Privileged Planet: important inner core (Introduction)

by David Turell , Friday, April 01, 2022, 15:31 (754 days ago) @ David Turell

The iron core current movements make the vital magnetic field:

https://www.sciencemagazinedigital.org/sciencemagazine/01_april_2022/MobilePagedArticle...

"Earth’s magnetic field, nearly as old as the planet itself, protects life from damaging space radiation. But 565 million years ago, the field was sputtering, dropping to 10% of today’s strength, according to a recent discovery. Then, almost miraculously, over the course of just a few tens of millions of years, it regained its strength—just in time for the sudden profusion of complex multicellular life known as the Cambrian explosion.

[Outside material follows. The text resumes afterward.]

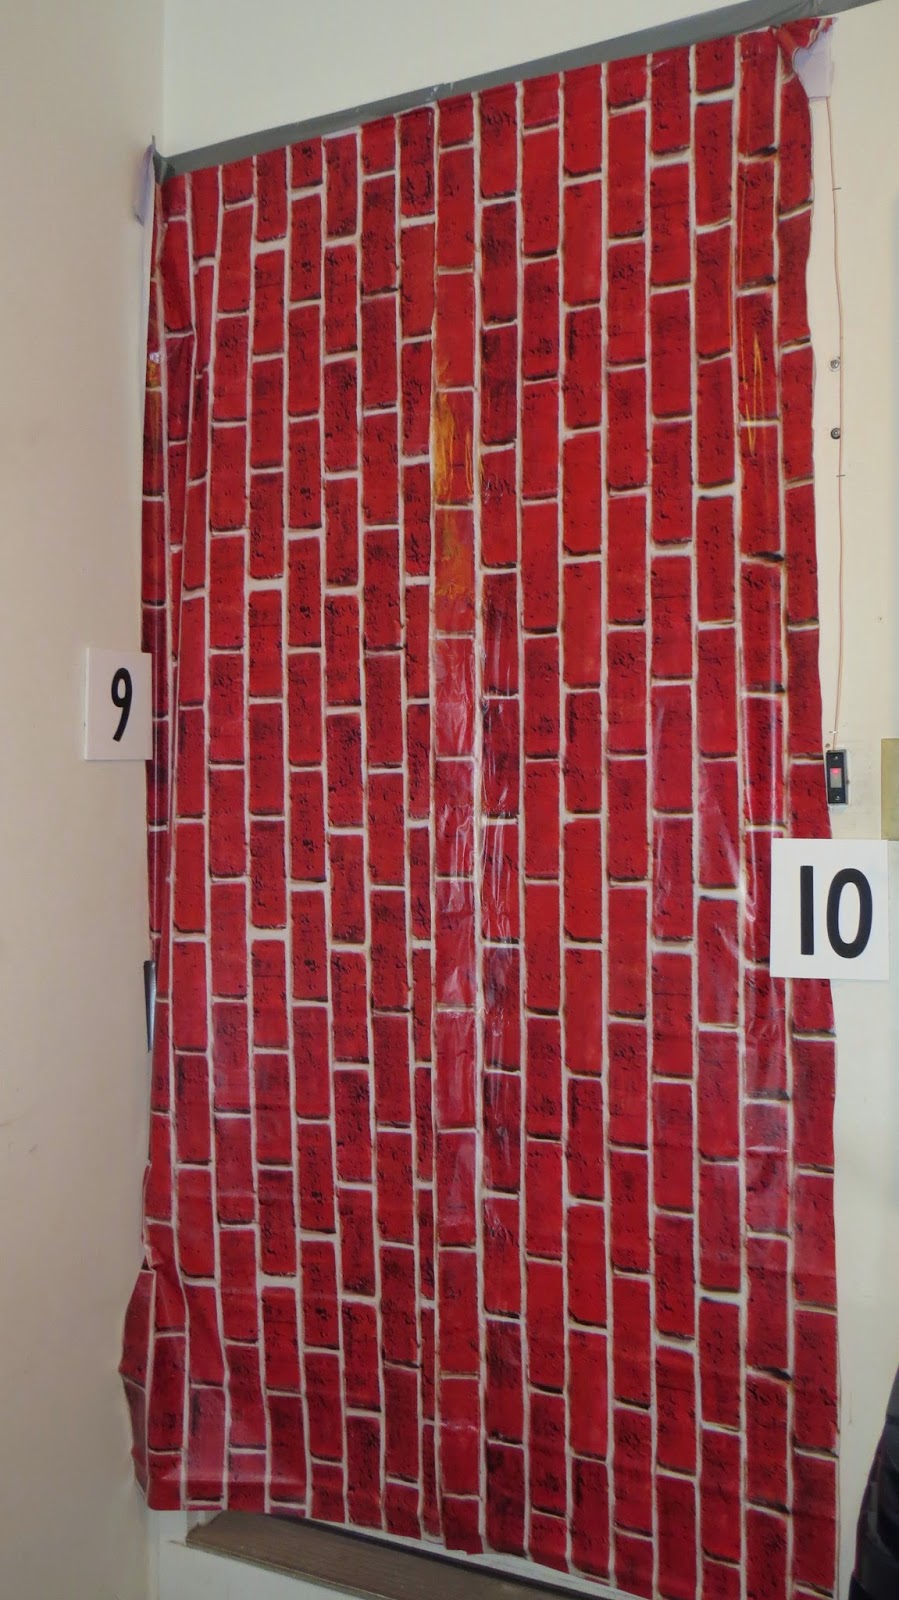 Lierpit Platform 9 and 3/4 of King's Cross Station - Secret Passage to Magic School Decorative Shower Curtain Brick Wall Bathroom
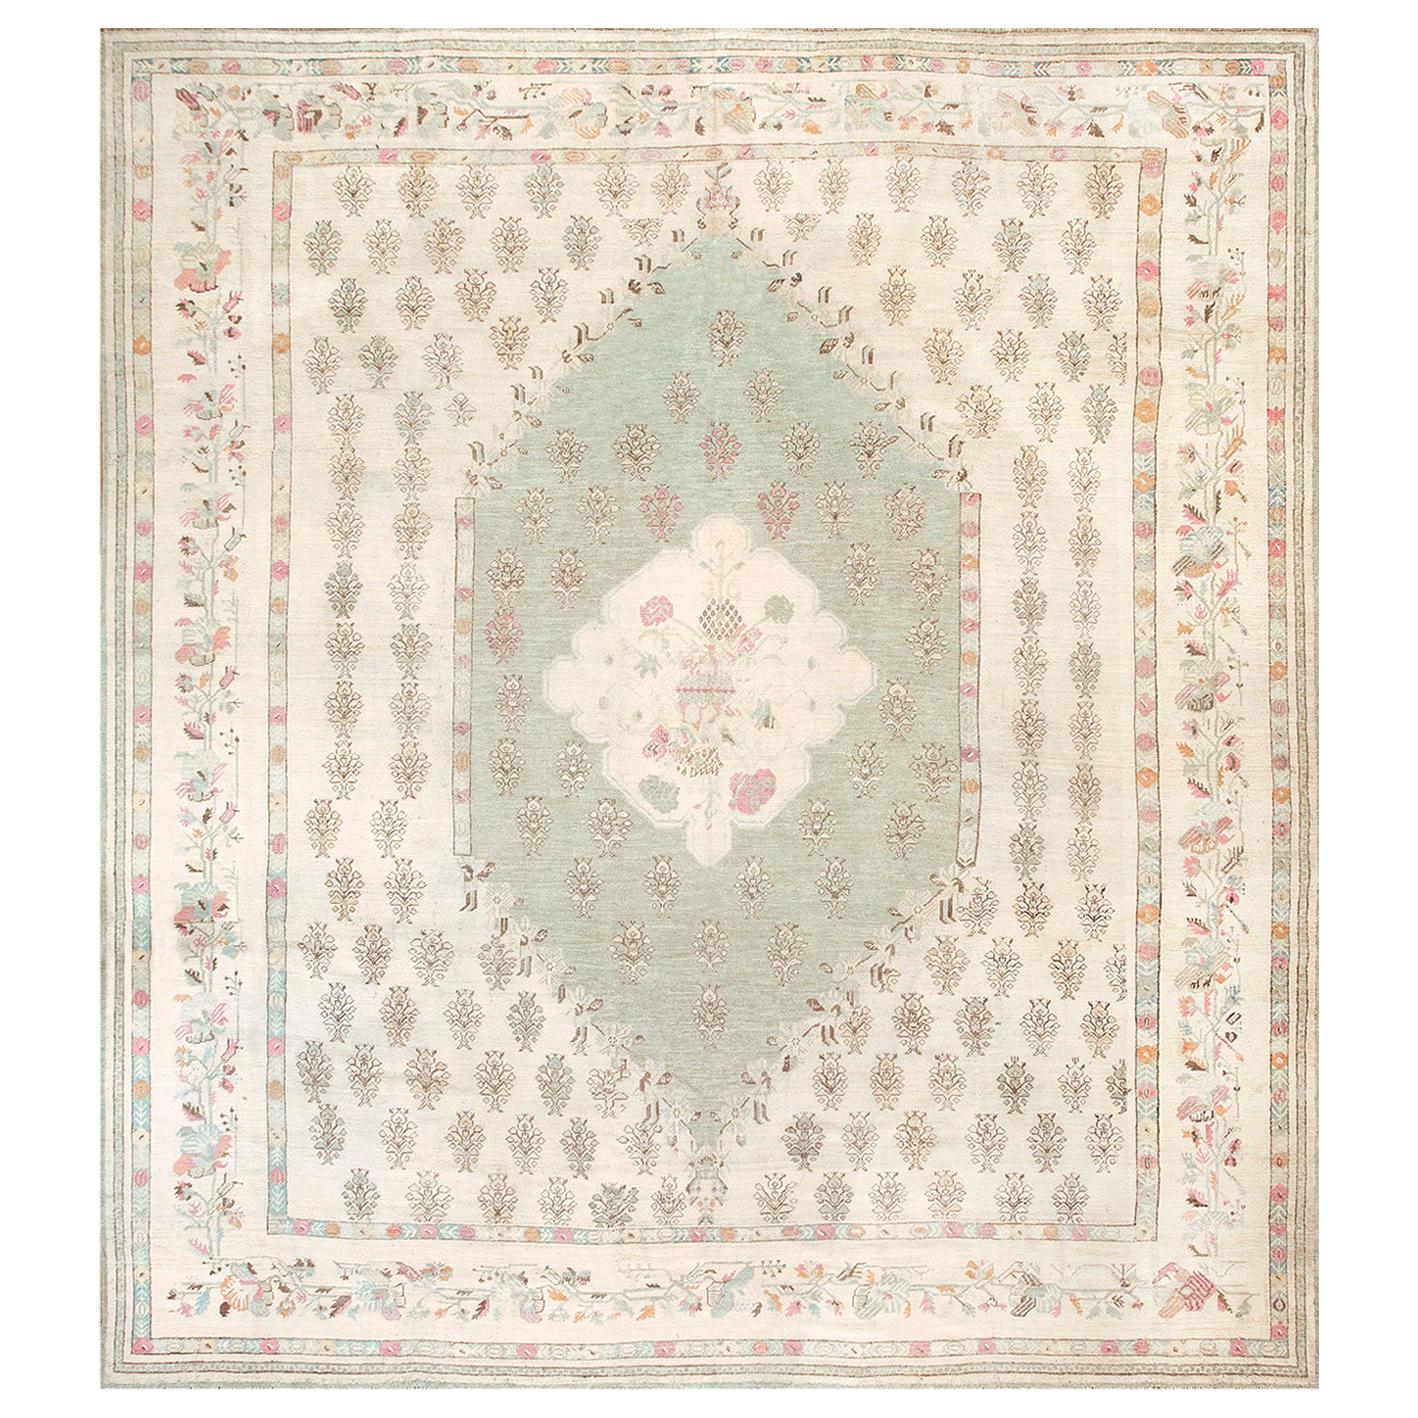 Late 19th Century Turkish Oushak Ghiordes Carpet ( 13' x 14'6" - 396 x 442 cm) For Sale

"What could have caused the rapid revival? Increasingly, scientists believe it was the birth of Earth’s inner core, a sphere of solid iron that sits within the molten outer core, where churning metal generates the planet’s magnetic field. Once the inner core was born, possibly 4 billion years after the planet itself, its treelike growth—accreting a few millimeters per year at its surface—would have turbocharged motions in the outer core, reviving the faltering magnetic field and renewing the protective shield for life. “The inner core regenerated Earth’s magnetic field at a really interesting time in evolution,” says John Tarduno, a geophysicist at the University of Rochester. “What would have happened if it didn’t form?”

"Just why and how the inner core was born at that moment is one of many lingering puzzles about the Pluto-size orb 5000 kilo meters underfoot. “The inner core is a planet within a planet,” says Hrvoje Tkalčic´, a seismologist at Australian National University (ANU)—with its own topography, its own spin rate, its own structure. “It’s beneath our feet and yet we still don’t understand some big questions,” Tkalčic´ says.

***

"ALL THIS COMPLEXITY appears to be geologically recent. Scientists once placed the inner core’s birth back near the planet’s formation. But a decade ago, researchers found, using diamond anvils at outer core conditions, that iron conducts heat at least twice as fast as previously thought. Cooling drives the growth of the inner core, so the rapid heat loss combined with the inner core’s current size meant it was unlikely to have formed more than 1 billion years ago, and more than likely came even later. “There’s no way around a relatively recent appearance of the inner core,” says Bruce Buffett, a geodynamicist at UC Berkeley.

"Tarduno realized rocks from the time might record the dramatic magnetic field changes expected at the inner core’s birth. Until recently, the paleomagnetic data from 600 million to 1 billion years ago were sparse. So Tarduno went searching for rocks of the right age containing tiny, needle-shaped crystals of the mineral titanomagnetite, which record the magnetic field’s strength at the time of their crystallization. In a 565-million-year-old volcanic formation on the north bank of the St. Lawrence River in Quebec, his team found the crystals—and convincing evidence that the magnetic field of the time was one-tenth the present day strength, they reported in 2019. The fragility of the field at the time has since been confirmed by multiple studies.

"It was probably a sign that rapid heat loss from the outer core was weakening the convective motions that generate the magnetic field, says Peter Driscoll, a geodynamicist at the Carnegie Institution for Science. “The dynamo could have been close to dying,” he says. Its death could have left Earth’s developing life—which mostly lived in the ocean as microbes and protojellyfish—exposed to far more radiation from solar flares. In Earth’s atmosphere, where oxygen levels were rising, the increased radiation could have ionized some of this oxygen, allowing it to escape to space and depleting a valuable resource for life, Tarduno says. “The potential for loss was gaining.”

"Just 30 million years later, the tide had turned in favor of life. Tarduno’s team went to quarries and roadcuts in the Wichita Mountains of Oklahoma and harvested 532-million-year-old volcanic rocks. After analyzing the field strength frozen in the tiny magnetic needles, they found that its intensity had already jumped to 70% of present values, they reported at the AGU meeting. “That kind of nails it now,” Tarduno says. He credits the growth of the inner core for the field jump, which he says is “the true signature of inner core nucleation.”

"Around the same time, life experienced its own revolution: the Cambrian explosion, the rapid diversification of life that gave rise to most animal groups and eventually led to the first land animals, protomillipedes that ventured onto land some 425 million years ago.

"It just may be that the clement world they found owes much to the inner iron planet we’ll never see, 5000 kilometers below."

Comment: our lives and all of previous life depends on that iron core properly producing the protective magnetic field. Why did the sudden potential loss get turned around? Serendipity? Perhaps the designer stepped in. So much required contingency by chance? And note the field strengthened right in time for the Cambrian Explosion. Another lucky coincidence? The one skipped area is all of the supporting research studies, and may not download for use without my subscription.